- From: Roy Seto <Roy.Seto@oracle.com>
- Date: Wed, 03 Oct 2001 13:31:41 -0700
- To: ietf-dav-versioning@w3.org
No, I don't have performance numbers to substantiate this concern at this point. If the extension is added later, there might be a tradeoff between simplicity and compatibility with the Proposed Standard RFC. I think the simplest semantics would default to not returning the DAV:response elements (in other words, a DAV:return-response flag is simpler than a DAV:omit-response flag). Also, I think clients should explicitly ask for the extra response information if they include cache maintenance logic to use it. On the other hand, making the default return the DAV:response elements would preserve the most compatibility with implementations of spec as it stands in draft-18. I think these obstacles can be overcome if necessary. Roy "Clemm, Geoff" wrote: > > From: Roy Seto [mailto:roy.seto@oracle.com] > > - Merge and update features: Add a flag to make DAV:response > elements of UPDATE optional, and to make DAV:response elements of > MERGE optional for targets modified by postcondition > DAV:descendant-version.
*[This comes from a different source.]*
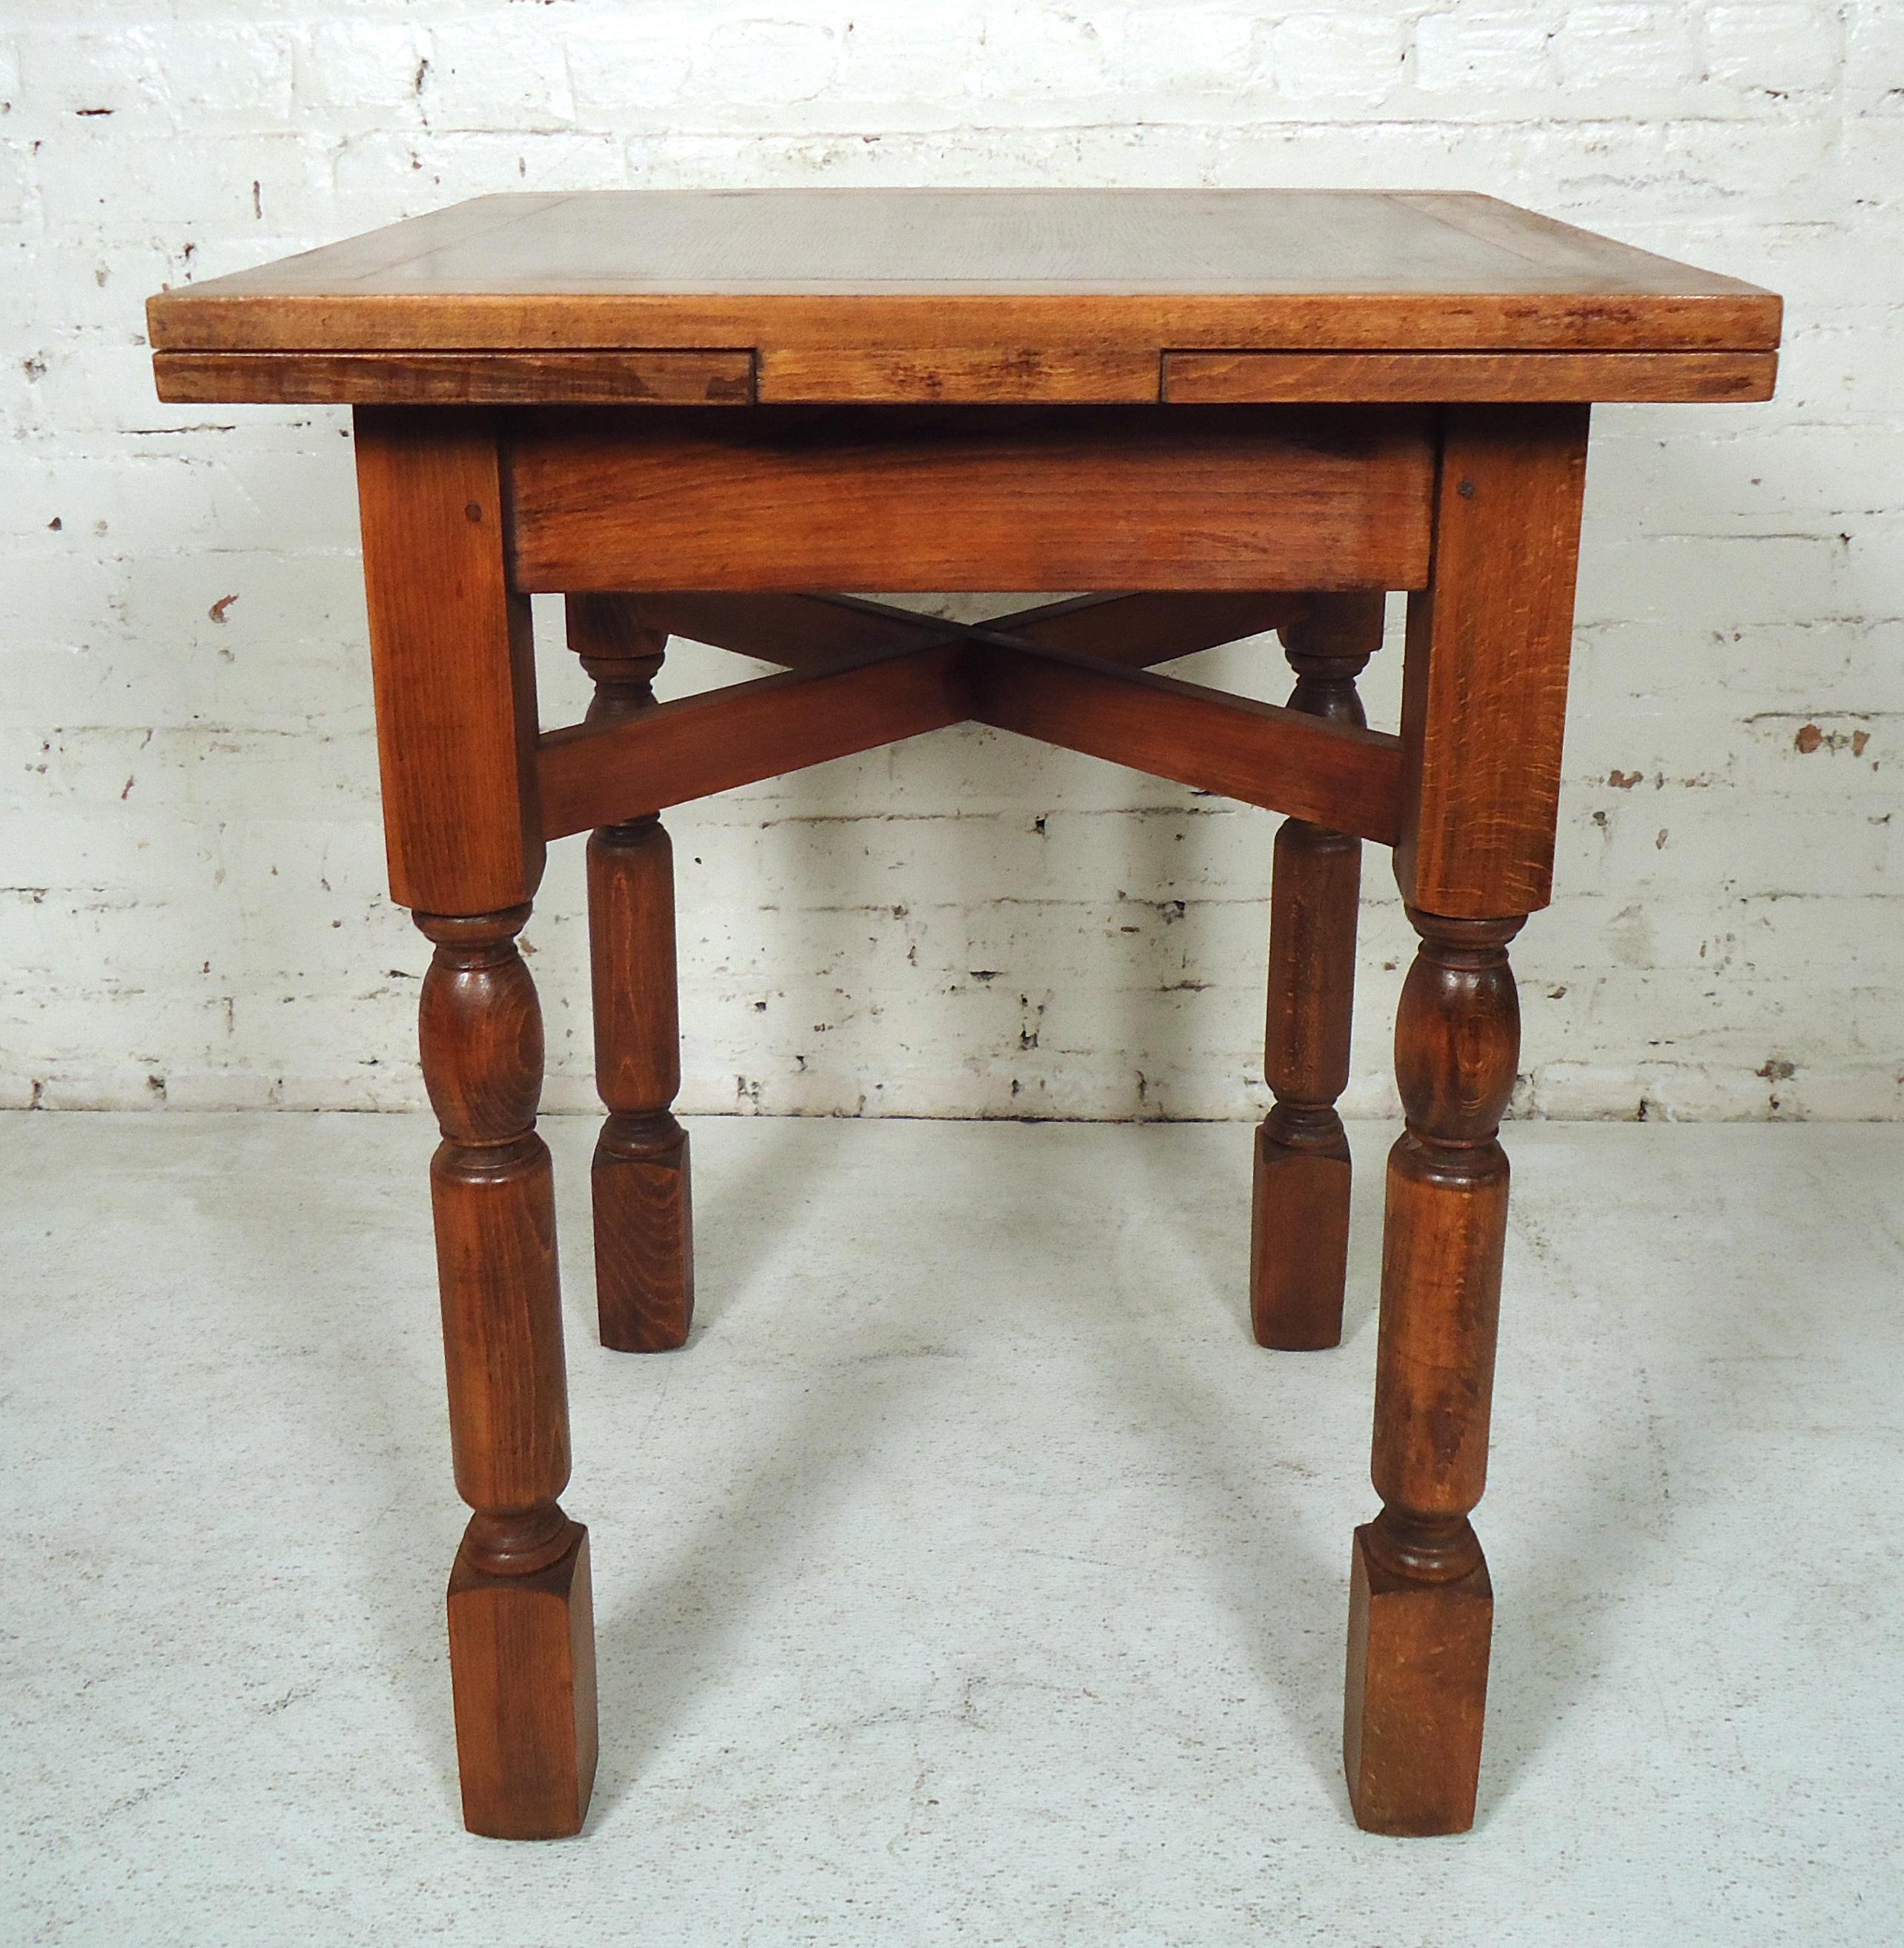 Vintage antique dining table features a square top, extendable leaves, and sturdy legs. Two 9

Use case: improve response times when the > request-URL of the MERGE or UPDATE has an extremely large number > of members whose DAV:checked-in versions are modified by the > MERGE or UPDATE, and when the client's caching policy will not > benefit from the DAV:response elements enough to outweigh the > cost of adding the DAV:response elements to the response body. > > A server has to compute all of this information anyway (to do the > update), so all one would be saving would be the cost of sending the > info back (which is rather small chunk of information, compared to > what the net is set up to pass around). But if this really turns out > to be an issue in practice, it certainly would be easy to add such an > extension. Are you getting actual performance numbers on this that > concern you?